Mr Callow said both of these sub-asset classes would mitigate capital losses in the event of interest rates rising, something he and co-manager Alan Borrows expect to happen next year.

To implement his call, Mr Callow backed the launch of M&G Investments’ new Global Floating Rate High Yield fund, run by James Tomlins. Seneca was one of the first investors in the fund, and holds a 1.5 per cent position.

The M&G fund invests in bonds which reset the amount they pay out every three months to reflect any rise in the Libor rate.

“As rates go up, the value of the coupon will rise,” Mr Callow said. “That mitigates capital losses.”
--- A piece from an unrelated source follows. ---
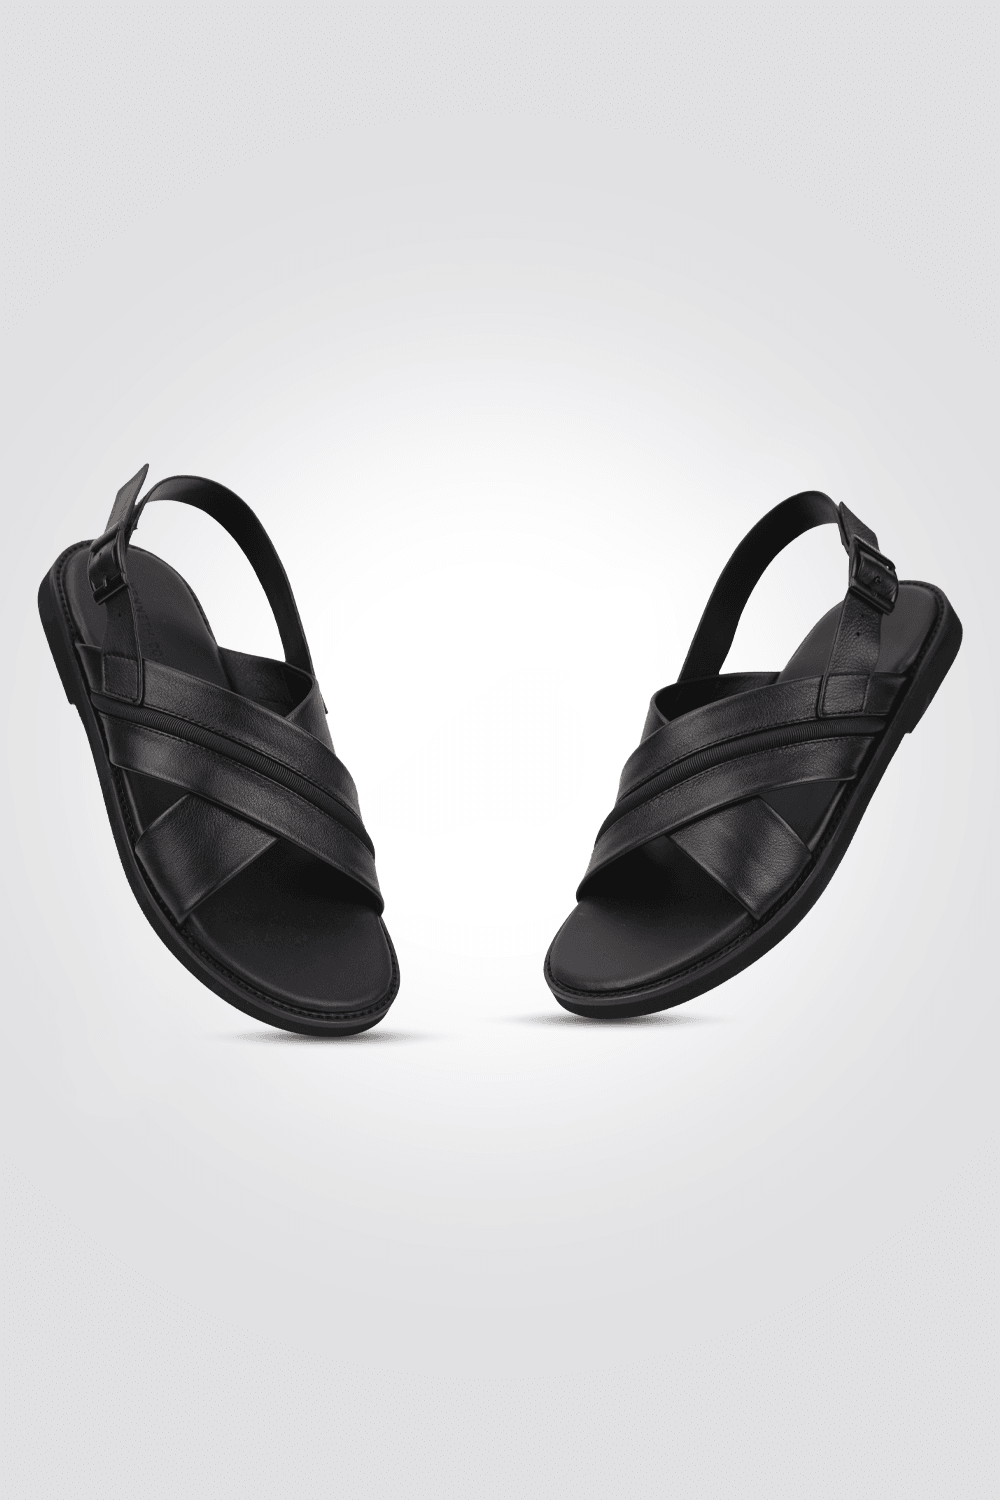 סנדלים מעור לגבר בצבע שחור - MASHBIR//365

Mr Callow also said the holdings in the new M&G fund had “virtually zero” sensitivity to rises in interest rates, something which usually erodes returns from bonds.

“We have made this asset allocation call because rates are likely to rise, and in the UK we have had two members of the Bank of England’s rate-setting committee vote in favour of a rise,” he said.

He added that yields in many areas of fixed income were now unsustainably low, meaning many bonds were overpriced.

“Fixed income assets have had a remarkable run but we expect that is now set to end,” he said.

Mr Callow said he had also recently backed the London-listed SQN Asset Finance Income investment trust, which started trading on the index in July.

The manager said the trust focused on equipment leasing and asset finance arrangements in the UK and US.

It specialises in areas that are deemed ‘mission critical’ to businesses across a variety of sectors, including agriculture, energy, environmental, medical, technology and transportation.

The trust targets a return of 8-10 per cent per annum, which Mr Callow said provided some protection from rises in interest rates.

The manager owns no government debt at all, having sold his last sovereign debt exposure in the spring.

The rest of his existing fixed income exposure includes two TwentyFour Asset Management funds, which invest in asset-backed securities.

He also owns the Royal London Short Duration Global High Yield fund, which targets higher yielding companies in more niche areas of the market.

Fixed income focus shifts to protect against rate rises and inflation

Simon Callow and Alan Burrows have moved to focus their fixed income exposure on more niche areas of the market that can better weather rate rises and inflation.

These two issues erode bond returns, but this can be mitigated by investing in things such as floating-rate notes, which adjust their payouts as inflation rises.

Some government bonds are now offering negative real yields, once inflation has been considered, thanks in part to yields being pushed ever lower on the back of stimulus programmes by the world’s central banks.

The managers now think many fixed income assets are significantly overpriced, yet data from the IMA shows retail investors put almost £600m into bond funds in the second quarter, in spite of institutional investors tempering their exposure.

Mr Borrows said: “Markets are already very twitchy – they are anticipating interest rate rises in the UK, as well as withdrawal of stimulus elsewhere, and that’s going to have a significant impact on bonds.

“We believe investors need to position themselves for what could be one of the most fundamental changes of direction in the markets for many years.”

Mr Borrows said he and Mr Callow were making a “determined and systemic move from bonds into real assets”.

“The paucity of returns in the fixed-income space makes that essential, and we’re concerned about what will happen with valuations as the monetary authorities shift back to a focus on the threat of inflation,” he said.